**Stored data**.
────────

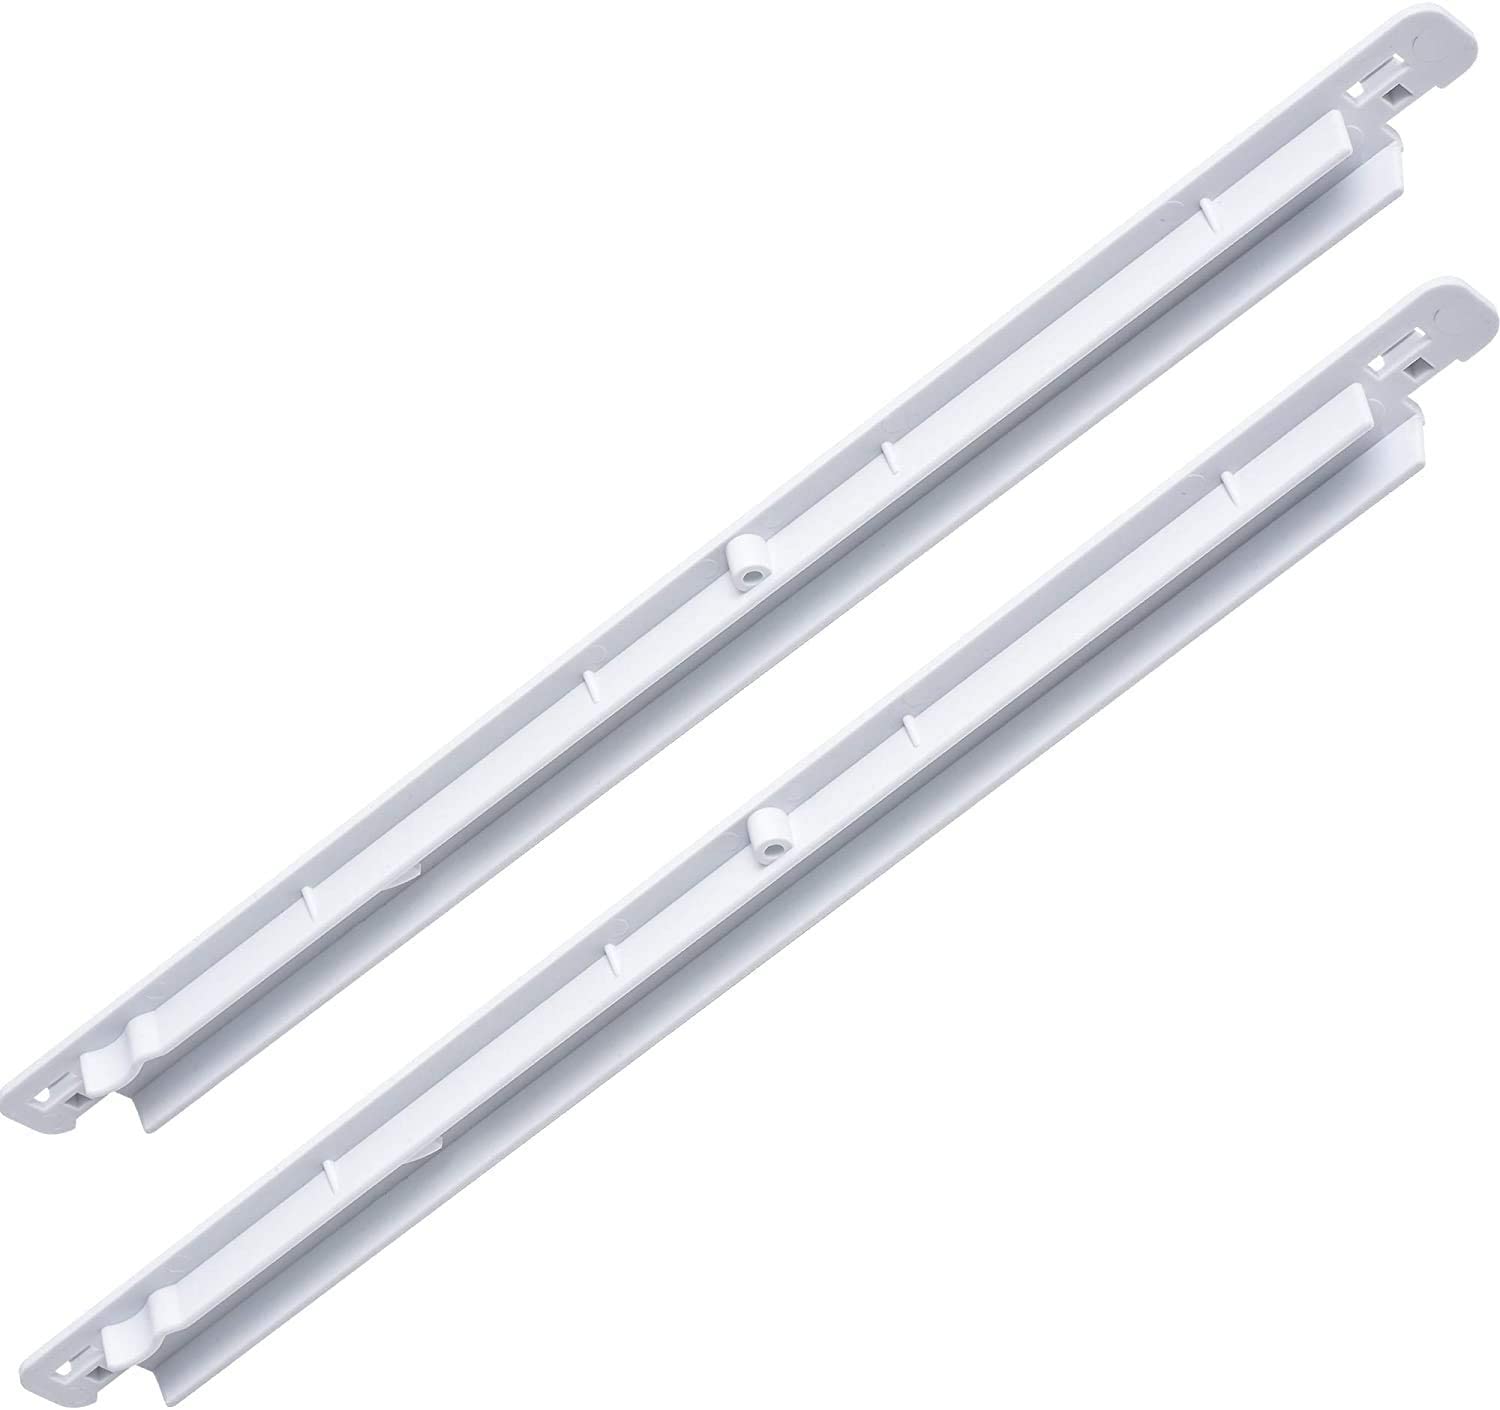 Frigidaire Refrigerator Pantry Drawer Slide Rail – Left Hand. Part #240365401
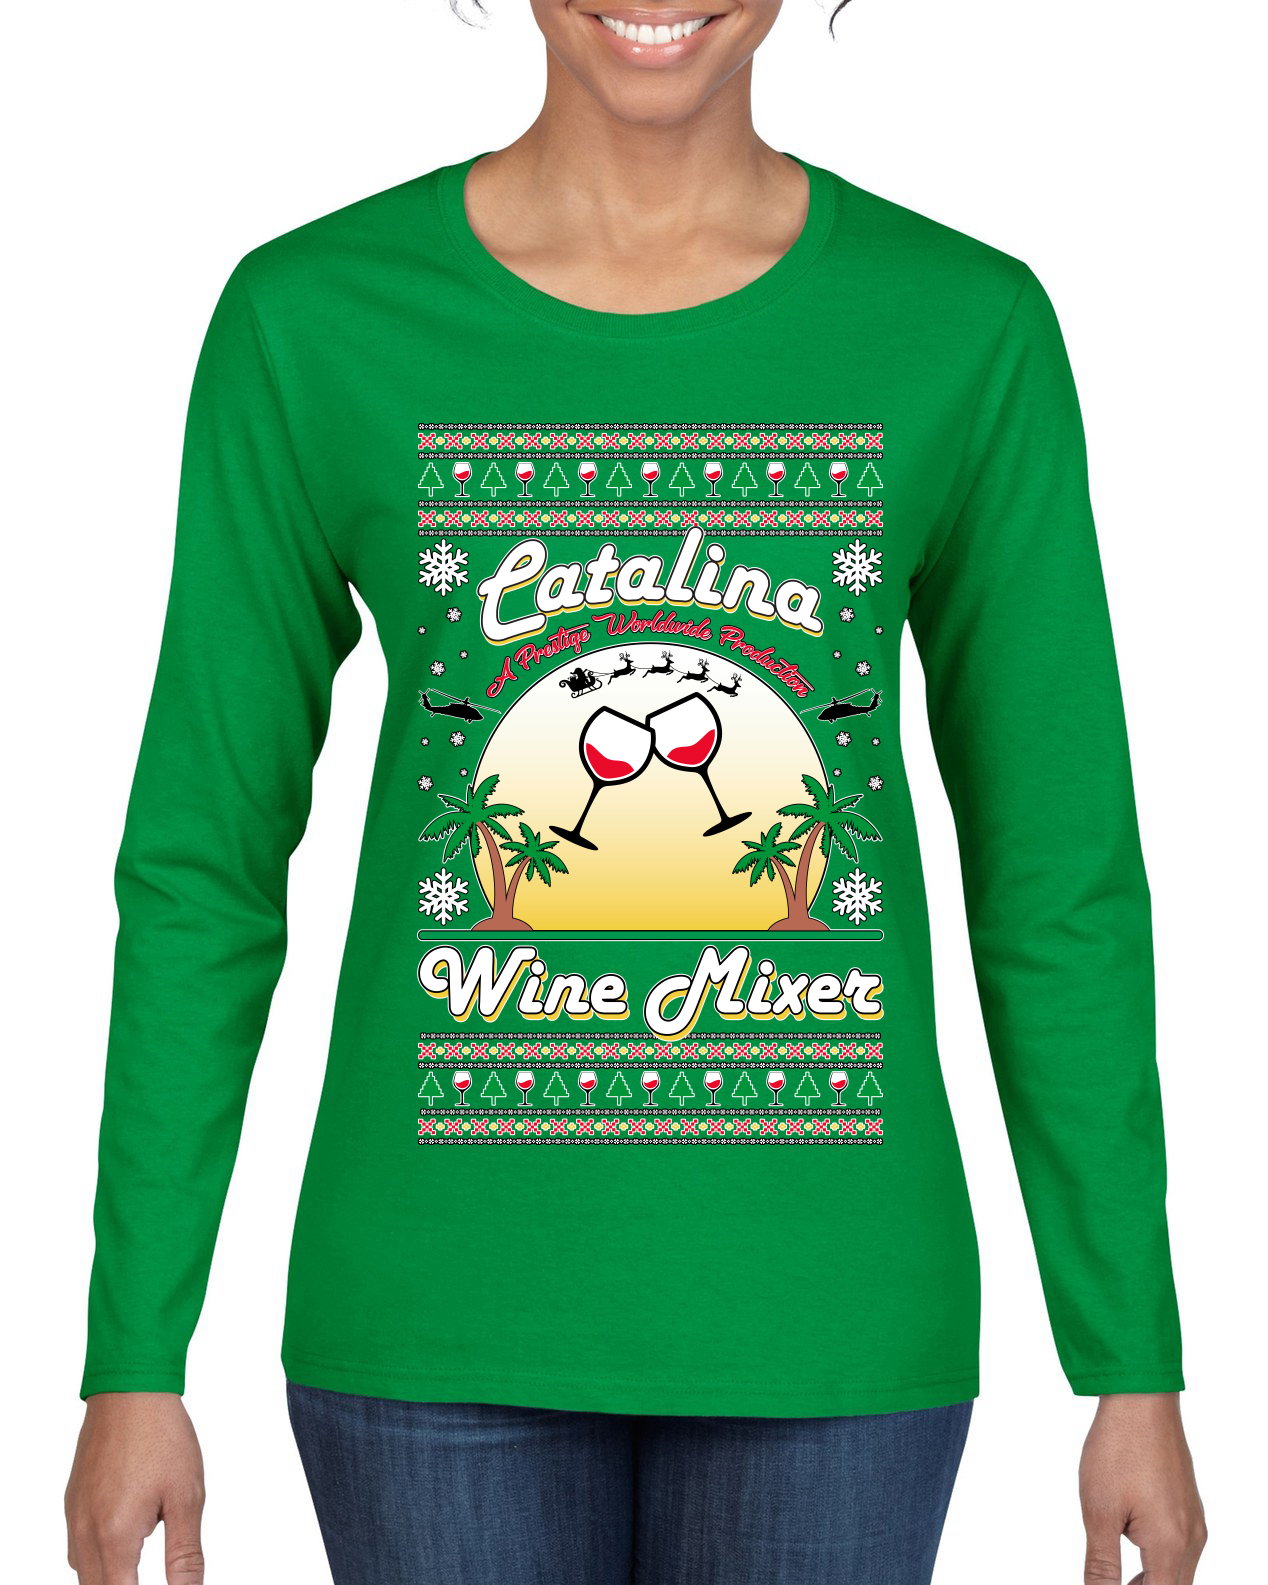 Wild Bobby, Step Bros Catalina Wine Mixer Xmas Holiday Movie Humor Ugly Christmas Sweater Women Graphic Long Sleeve Tee, Kelly, Small - image 1 of 5
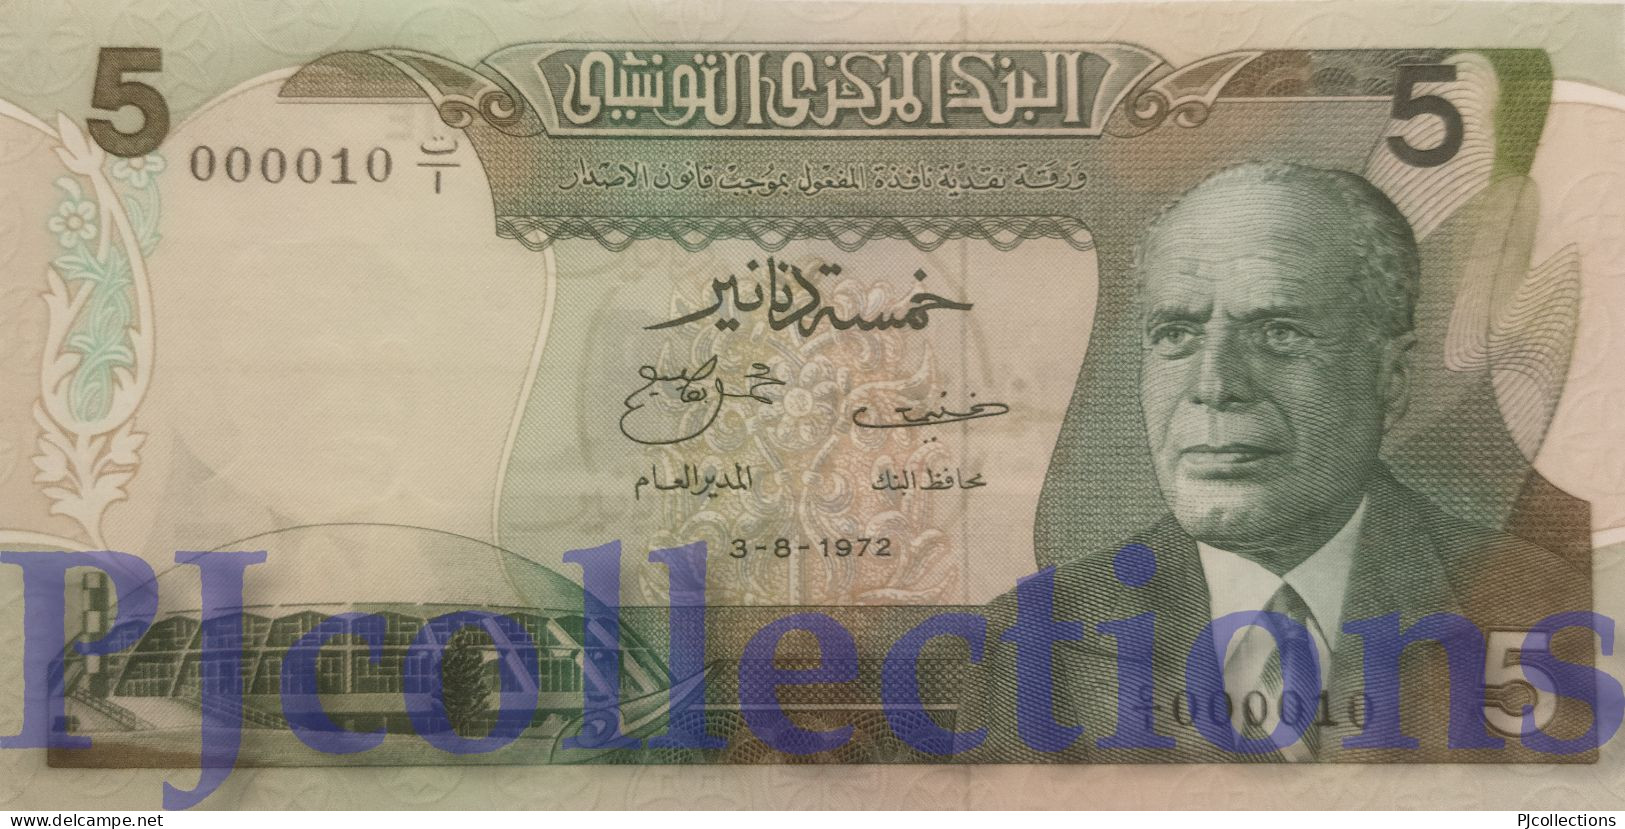 TUNISIA 5 DINARS 1972 PICK 68a AUNC VERY LOW & GOOD SERIAL NUMBER "C/1 000010" - Tunisia
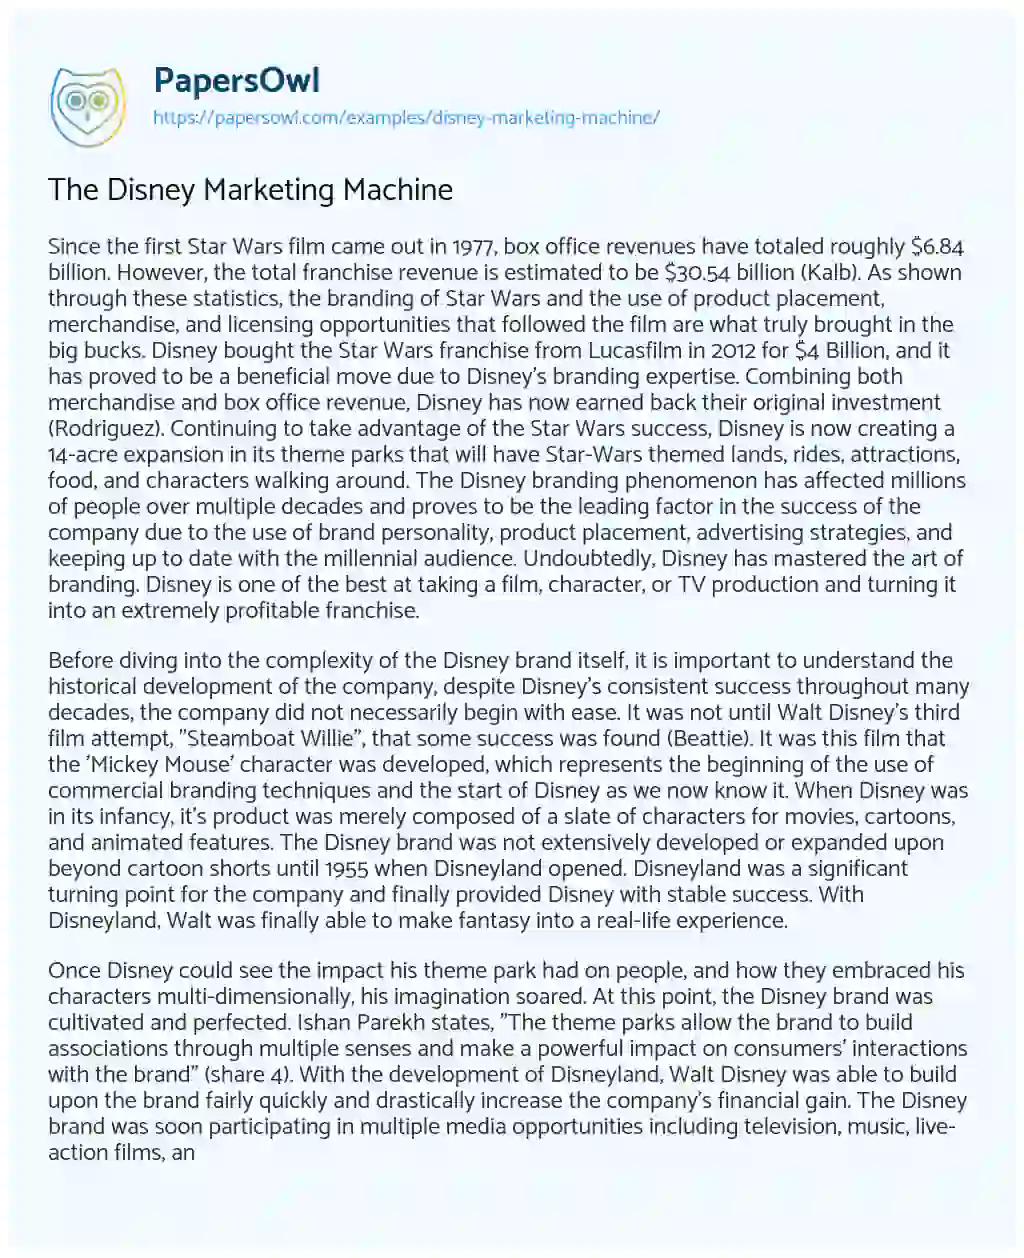 Essay on The Disney Marketing Machine
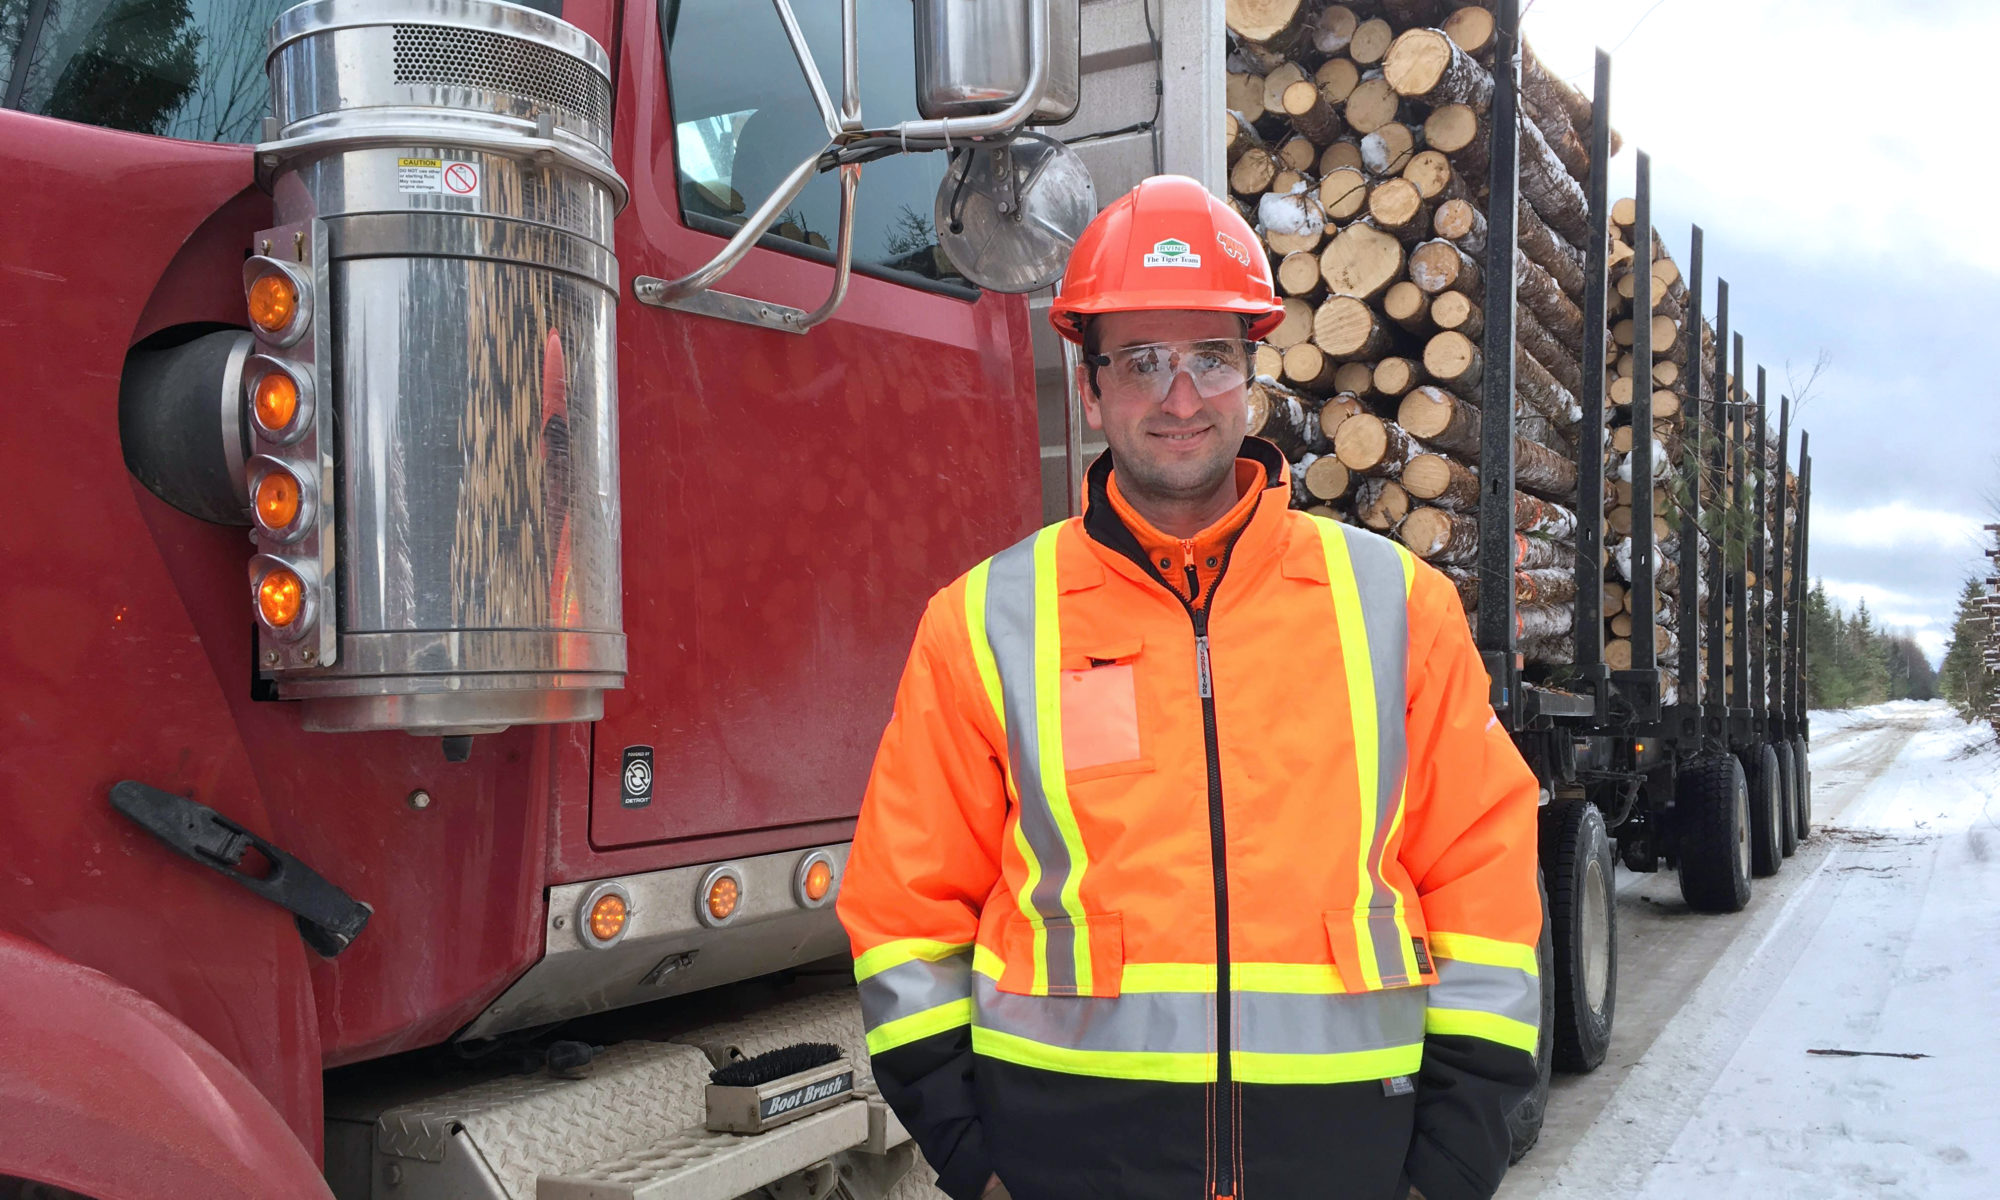 Ukrainian Taras Tovstiy works as a trucker in Chipman, N.B. for J.D. Irving forestry operations.

────────

**Exercise instructions**. Produce an exact copy of the lines from the line containing "Wild Bobby, Step" through the last line of the records, with no pictures and no other text.

**Response for this exercise**.
 Wild Bobby, Step Bros Catalina Wine Mixer Xmas Holiday Movie Humor Ugly Christmas Sweater Women Graphic Long Sleeve Tee, Kelly, Small - image 1 of 5
 TUNISIA 5 DINARS 1972 PICK 68a AUNC VERY LOW & GOOD SERIAL NUMBER "C/1 000010" - Tunisia
 Essay on The Disney Marketing Machine
 Ukrainian Taras Tovstiy works as a trucker in Chipman, N.B. for J.D. Irving forestry operations.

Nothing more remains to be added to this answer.